Aim of the task: Copy each line containing "para" from the listing below.

Input data:
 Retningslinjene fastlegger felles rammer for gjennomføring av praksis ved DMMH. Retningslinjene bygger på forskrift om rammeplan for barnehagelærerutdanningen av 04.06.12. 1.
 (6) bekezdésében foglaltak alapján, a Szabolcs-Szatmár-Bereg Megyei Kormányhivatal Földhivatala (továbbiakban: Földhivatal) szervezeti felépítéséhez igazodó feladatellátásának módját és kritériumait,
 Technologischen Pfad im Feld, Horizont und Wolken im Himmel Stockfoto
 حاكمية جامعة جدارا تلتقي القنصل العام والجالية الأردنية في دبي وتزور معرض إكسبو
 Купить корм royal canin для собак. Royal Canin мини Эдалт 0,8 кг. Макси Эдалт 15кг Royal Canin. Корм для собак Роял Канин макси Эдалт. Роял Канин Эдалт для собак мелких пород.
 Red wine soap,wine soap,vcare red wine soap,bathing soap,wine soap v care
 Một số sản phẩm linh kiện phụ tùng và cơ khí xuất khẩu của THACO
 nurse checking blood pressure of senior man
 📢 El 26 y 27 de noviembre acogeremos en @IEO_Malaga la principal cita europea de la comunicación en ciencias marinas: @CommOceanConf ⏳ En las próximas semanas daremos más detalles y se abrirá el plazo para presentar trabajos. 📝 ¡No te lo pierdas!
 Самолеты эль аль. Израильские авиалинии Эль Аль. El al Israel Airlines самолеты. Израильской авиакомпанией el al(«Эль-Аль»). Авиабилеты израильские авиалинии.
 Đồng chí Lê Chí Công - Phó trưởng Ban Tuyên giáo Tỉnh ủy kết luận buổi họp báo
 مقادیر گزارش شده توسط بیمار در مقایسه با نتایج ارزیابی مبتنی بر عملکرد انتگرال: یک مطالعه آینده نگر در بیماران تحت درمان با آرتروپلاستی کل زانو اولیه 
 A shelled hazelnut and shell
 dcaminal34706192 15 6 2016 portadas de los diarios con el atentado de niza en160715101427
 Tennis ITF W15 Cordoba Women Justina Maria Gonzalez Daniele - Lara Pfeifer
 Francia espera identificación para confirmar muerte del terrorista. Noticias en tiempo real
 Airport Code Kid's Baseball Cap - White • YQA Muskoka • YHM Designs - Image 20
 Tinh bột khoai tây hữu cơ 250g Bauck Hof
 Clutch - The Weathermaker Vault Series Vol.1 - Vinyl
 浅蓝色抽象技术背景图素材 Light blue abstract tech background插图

Result of this task:
 📢 El 26 y 27 de noviembre acogeremos en @IEO_Malaga la principal cita europea de la comunicación en ciencias marinas: @CommOceanConf ⏳ En las próximas semanas daremos más detalles y se abrirá el plazo para presentar trabajos. 📝 ¡No te lo pierdas!
 Francia espera identificación para confirmar muerte del terrorista. Noticias en tiempo real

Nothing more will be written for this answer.